Version | Description | Release Date (updated) |
---|---|---|
dap-java-1.0 | for deployment | 2016-12-21 |
dap-java-sdk-1.0 | for application development | 2016-12-21 |
dap-java-trial-1.0 | trial | 2016-12-21 |
dap-cpp-1.0 | deployment on Windows/Linux | 2016-12-21 |
dap-cpp-sdk-1.0 | for application development | 2016-12-21 |
dap-cpp-trial-1.0 | trial | 2016-12-21 |
PWF is a DAP-based software framework for distributed/parallel applications by either staged-job-task model or work-flow model. By the staged-job-task model, a job has many stages; each stage consists of many tasks; tasks are usually carried out in distributed/parallel manner. When all tasks of a stage are completed, the job moves to next stage controlled by its job state machine. The well-known MapReduce model is an example of the staged-job-task model, it has three stages: map, reduce and merge, controlled by a linear or circular state machine.

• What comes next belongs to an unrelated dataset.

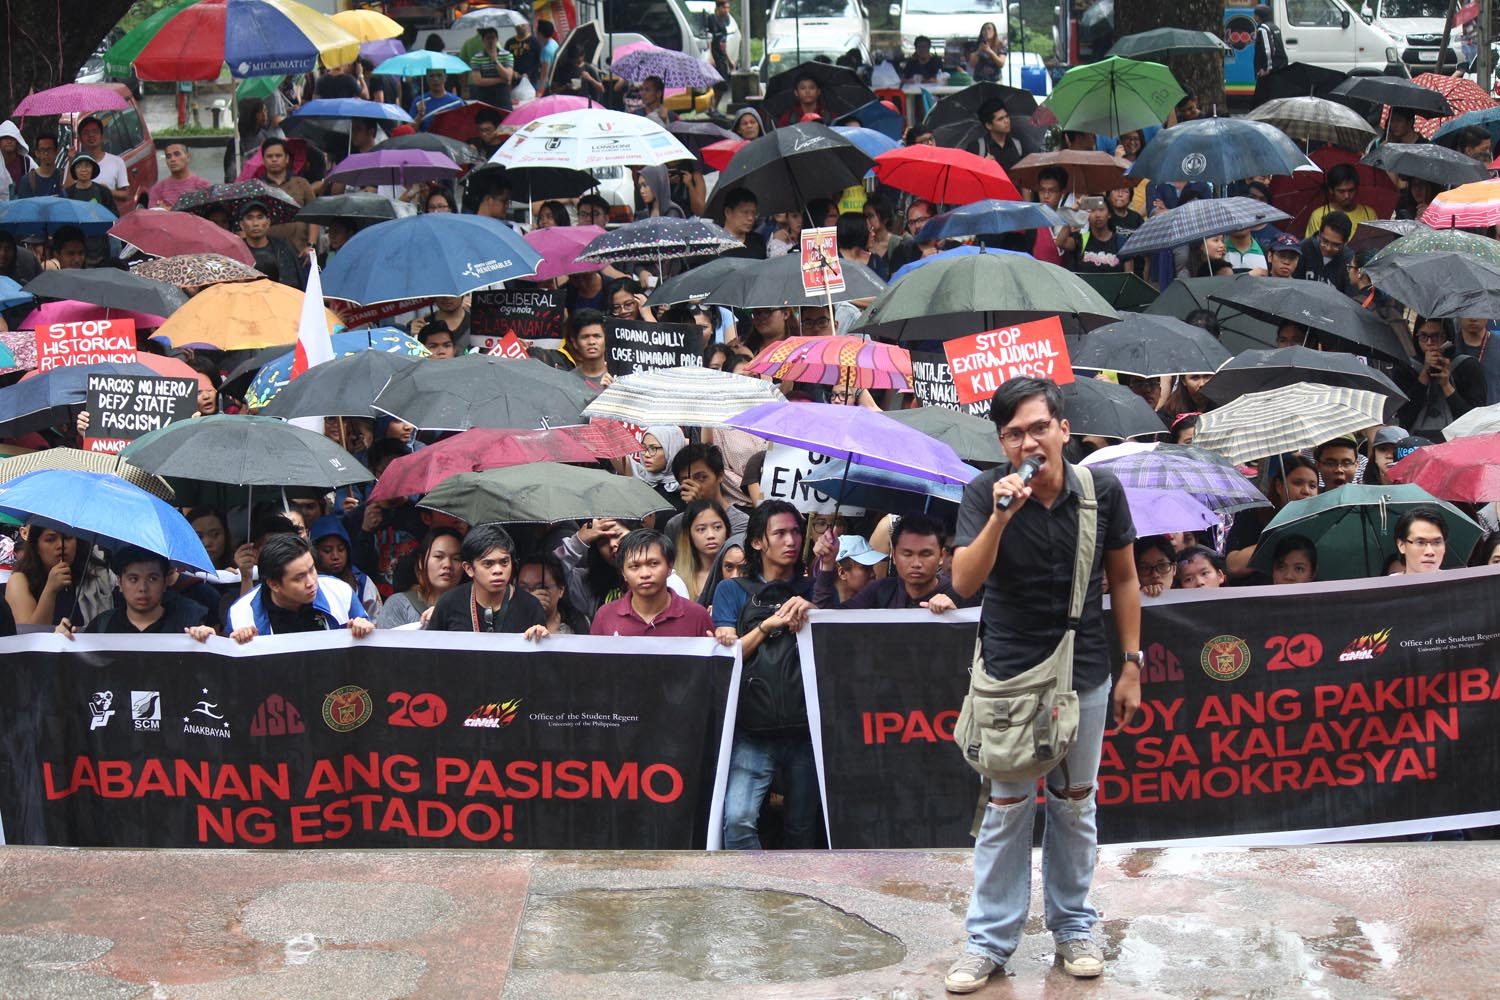 Students at anti-Marcos rally: We’re part of the fight

The work-flow model consists of many steps; each step takes inputs from some other steps and does computing to produce outputs, and then sends each output to its destination steps. The well-known artificial neuron network is an example of the work-flow model, in which steps are layered.
PWF contains data service for local and distributed data storage, processing service for shared computing procedures, task and job control modules, step and work control modules, as well as application prototypes.